Dunque, prima di cominciare la panoramica delle sue opere, avevamo lasciato il nostro alle prese con la fine dell’esperimento Concord, con lo sfratto da Millbrook e con il lento ma inesorabile distacco dall’amico Richard Alpert. Ho già accennato all’arresto di Leary avvenuto a Millbrook durante un’incursione notturna dei federali nell’aprile del ’66, ma non fu quello il primo dei suoi guai con la legge.
Nel 1965, di ritorno con la famiglia dal Messico, la sua macchina viene fermata alla frontiera e i doganieri trovano della marijuana addosso a sua figlia Susan. Leary viene incriminato e condannato a 30 anni di prigione, ma presenta un ricorso basato sulla presunta incostituzionalità del Marijuana Tax Act: vincerà la causa nel ‘69.
Poco prima però, alla fine del ’68, viene arrestato di nuovo a Laguna Beach, in California, dove si è trasferito l’anno prima. Inizia un contenzioso legale che si conclude nel ’70 con la sua condanna a 10 anni di prigione per il possesso di due mozziconi di sigaretta di marijuana, cui in seguito vengono aggiunti altri 10 anni (dei 30 originari) per l’arresto del ‘65.
La decisione di evadere di galera, e il conseguente piano, prende forma probabilmente già nei primi giorni dopo la sua condanna. Il primo passo è farsi assegnare a un carcere che sia soggetto a un livello di controlli minimo, e il secondo ottenere un lavoro che gli consenta di muoversi con una certa libertà anche nelle aree esterne all’edificio principale. Leary sa bene che, come tutti i nuovi detenuti, anche lui dovrà sottoporsi a dei test di routine, dei test della personalità che servono per determinare il grado di pericolosità e le attitudini di ognuno. Ma lui è uno psicologo, e per giunta ha contribuito personalmente a redigere alcuni di quei test, per cui rispondere in modo da sembrare un individuo mite e del tutto convenzionale è per lui un gioco da ragazzi.
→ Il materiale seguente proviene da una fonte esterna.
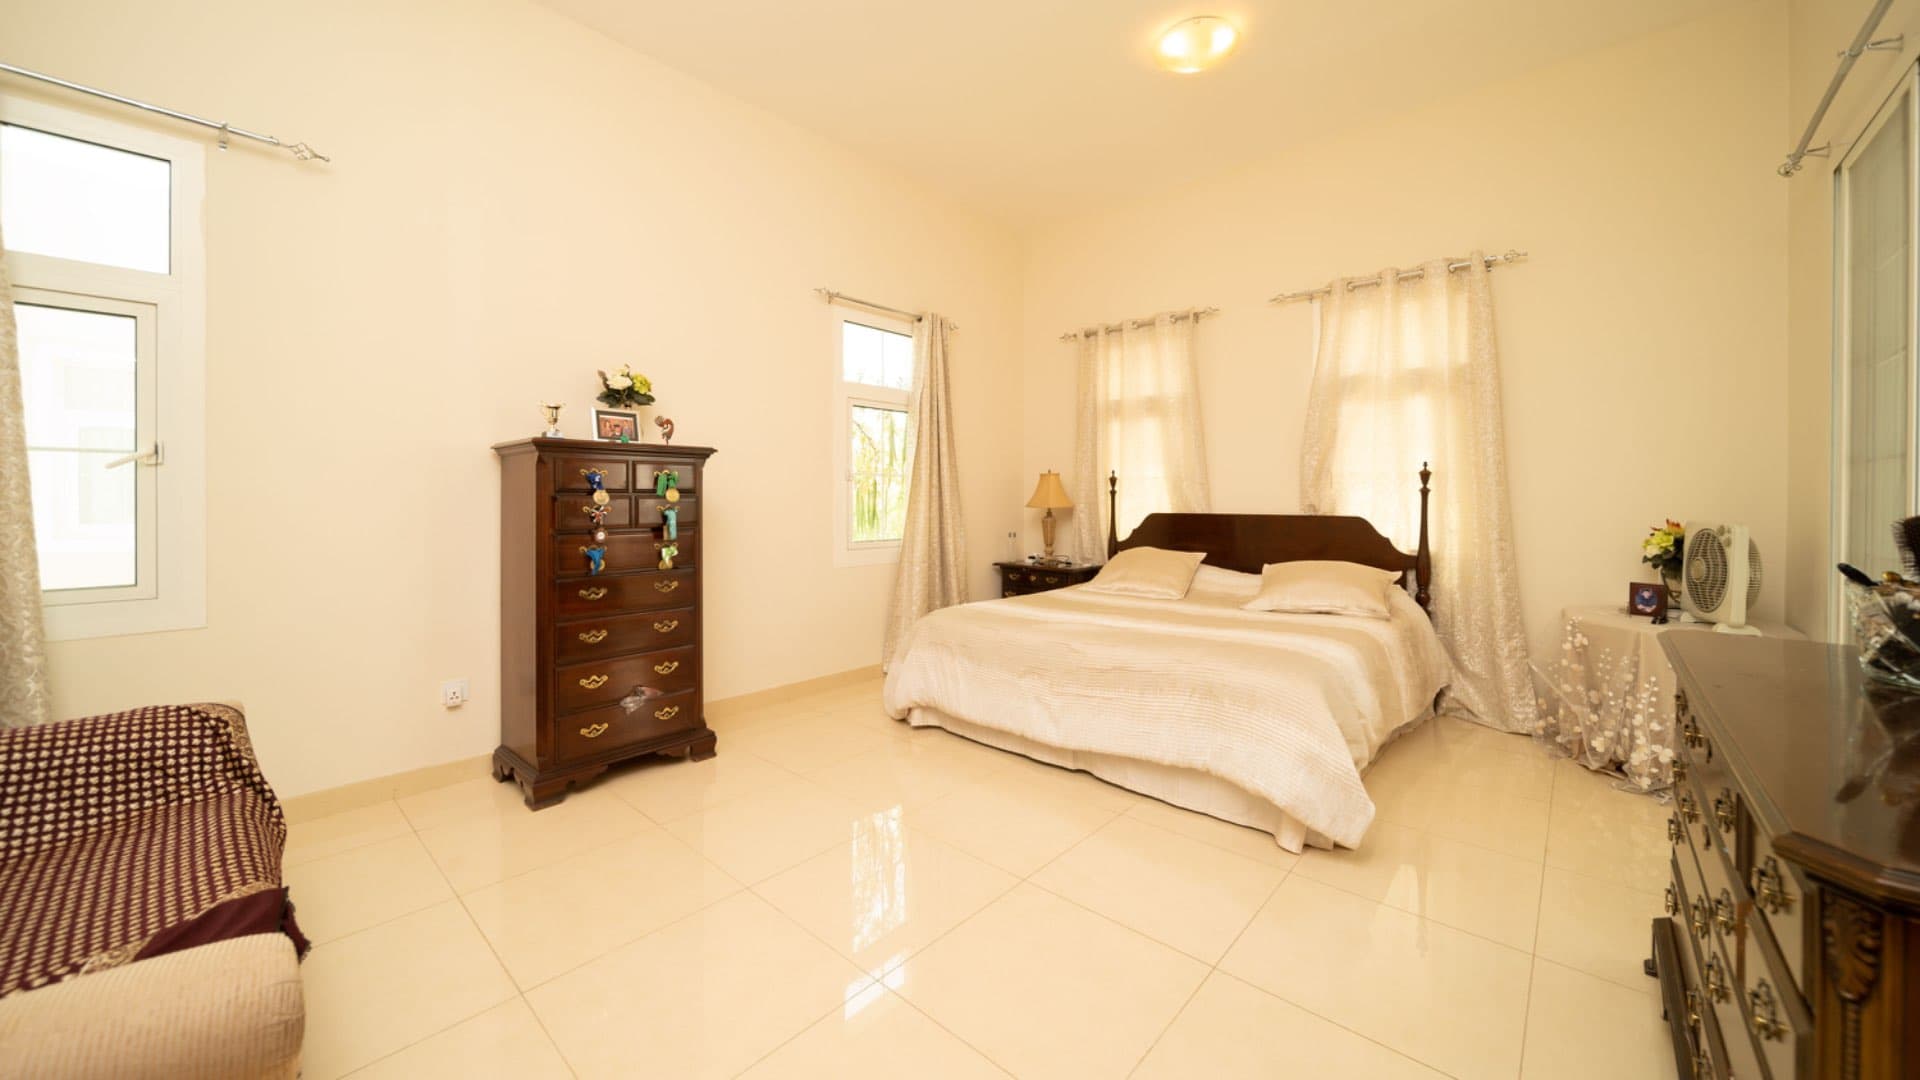 3 Bedroom Villa For Sale Rahat Lp11867 180dc60c04799500.jpeg

Riesce dunque a ottenere un lavoro da giardiniere a San Luis Obispo, una prigione di minima sicurezza, ed è proprio da lì che nello stesso anno evade calandosi dal muro di cinta: ad attenderlo c’è un furgone guidato da un membro del Weather Underground Organization (WUO), o Weathermen, un gruppo di militanti di sinistra attivi negli anni ‘60 e ’70 pagati dalla Confraternita (Brotherhood of Eternal Love) per aiutarlo nella fuga.
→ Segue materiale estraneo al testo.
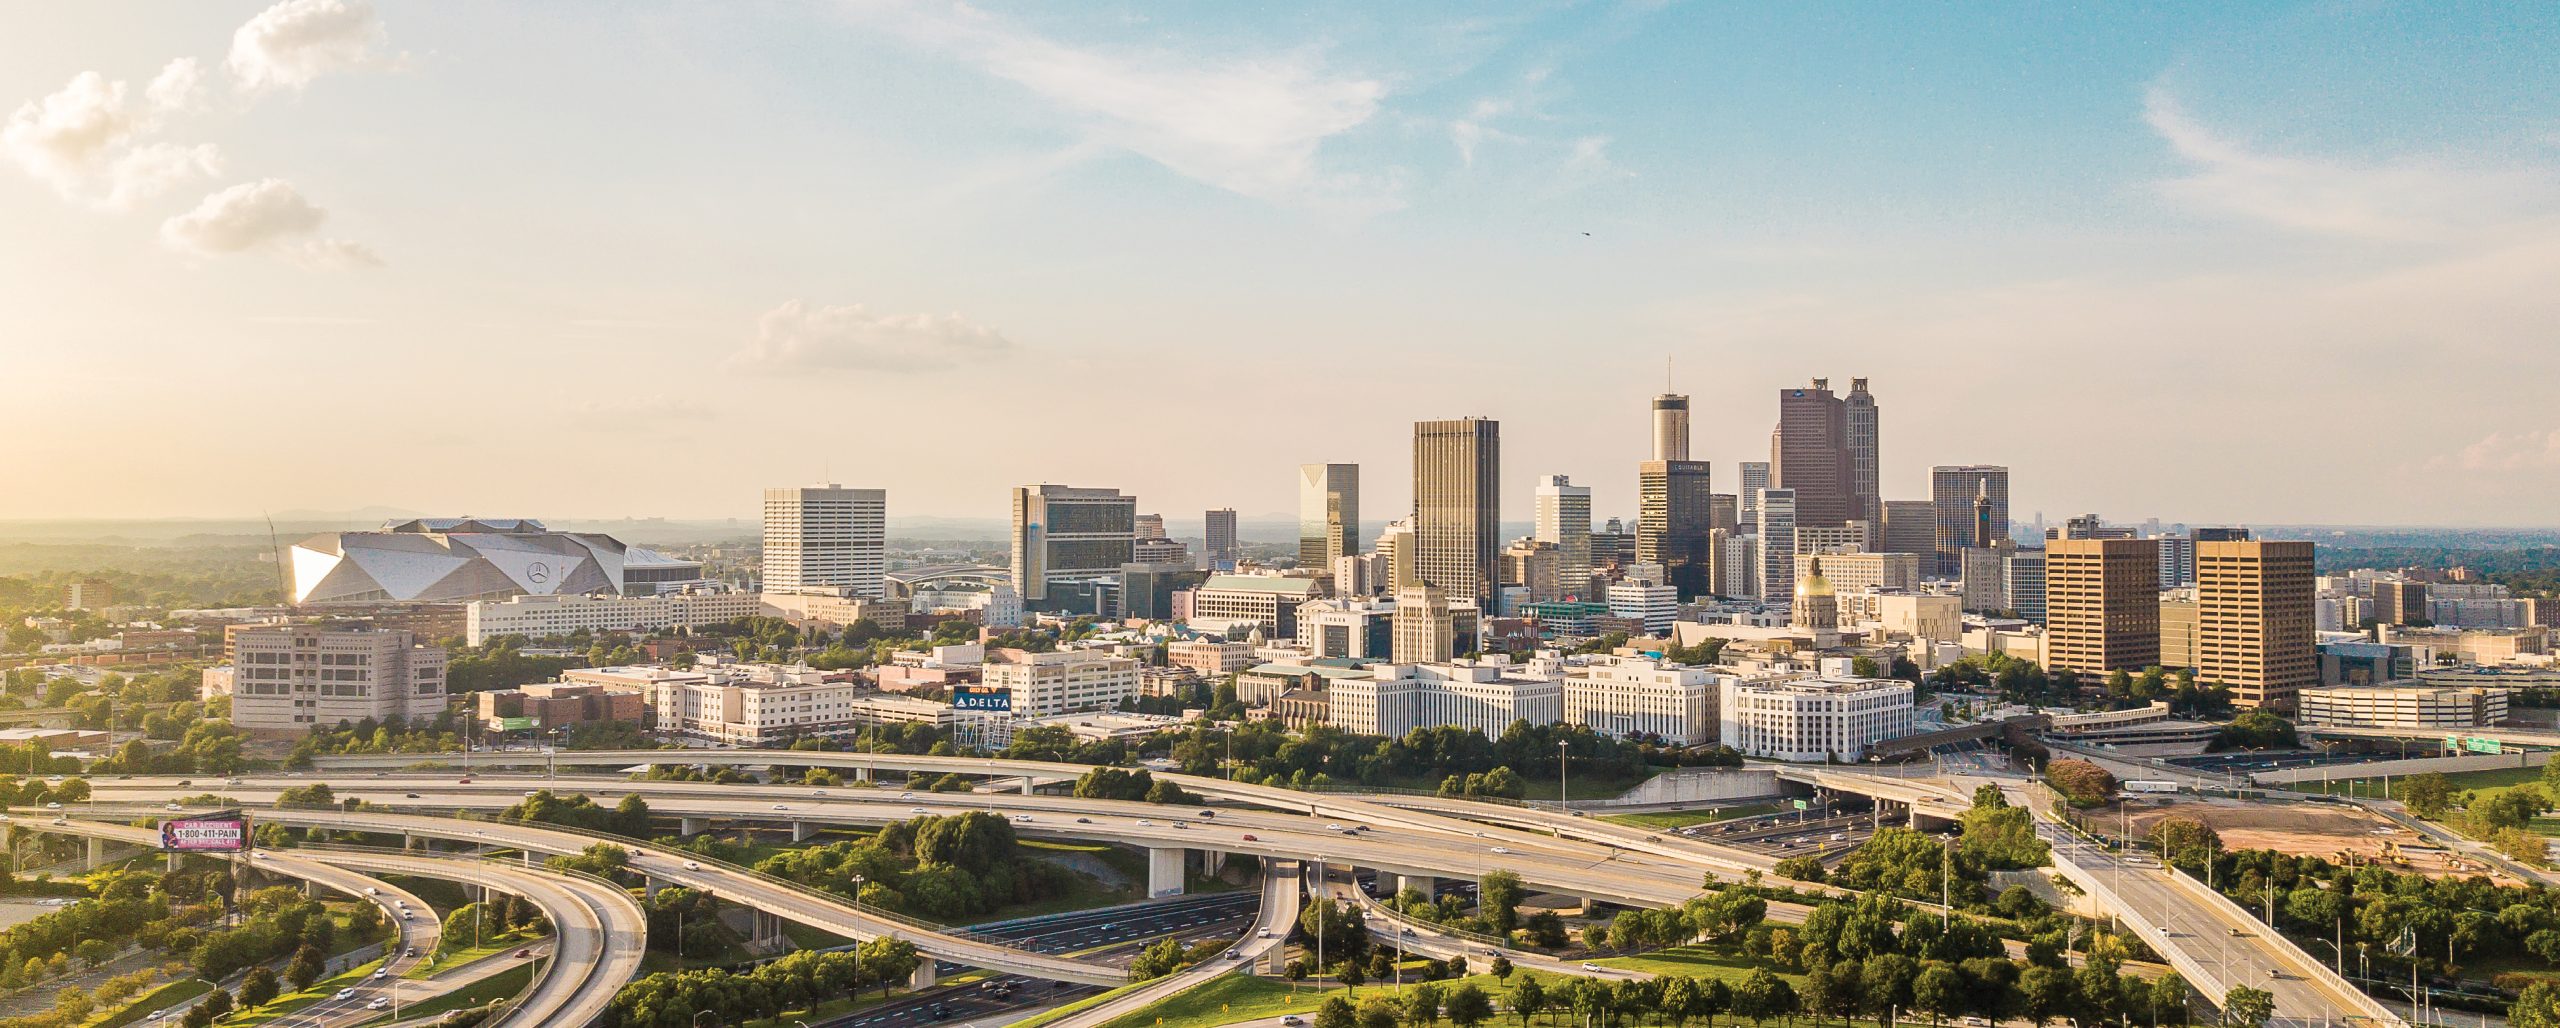 Aerial view of Atlanta roadways and industrial buildings

A questo punto, è evidente che Leary deve lasciare gli Stati Uniti, ma per dove? La scelta ricade sull’Algeria, sia perché il paese nordafricano non ha un trattato di estradizione in vigore con gli USA, sia perché in quel periodo è noto per offrire asilo politico a membri di vari movimenti di liberazione. In Algeria è attiva una costola del Black Panther Party (BPP), il partito di estrema sinistra americano, ed è proprio al loro leader “in esilio”, Eldridge Cleaver, che Tim e la moglie Rosemary intendono chiedere protezione. Leary, infatti, è schierato politicamente a sinistra e forse crede che si troverà in sintonia con Cleaver. Si sbaglia. Leary è interessato a portare avanti una rivoluzione interiore, più che politica, mentre Cleaver crede che “la causa” richieda una devozione quasi monastica e disapprova apertamente l’uso di LSD e lo stile di vita troppo mondano dei Leary, che non fanno altro che attirare la presenza di hippy interessati a “sballarsi”. Forse teme anche di compromettere i suoi rapporti con le autorità algerine in un momento in cui la rete di controspionaggio americana sta seminando il dissenso nel BPP.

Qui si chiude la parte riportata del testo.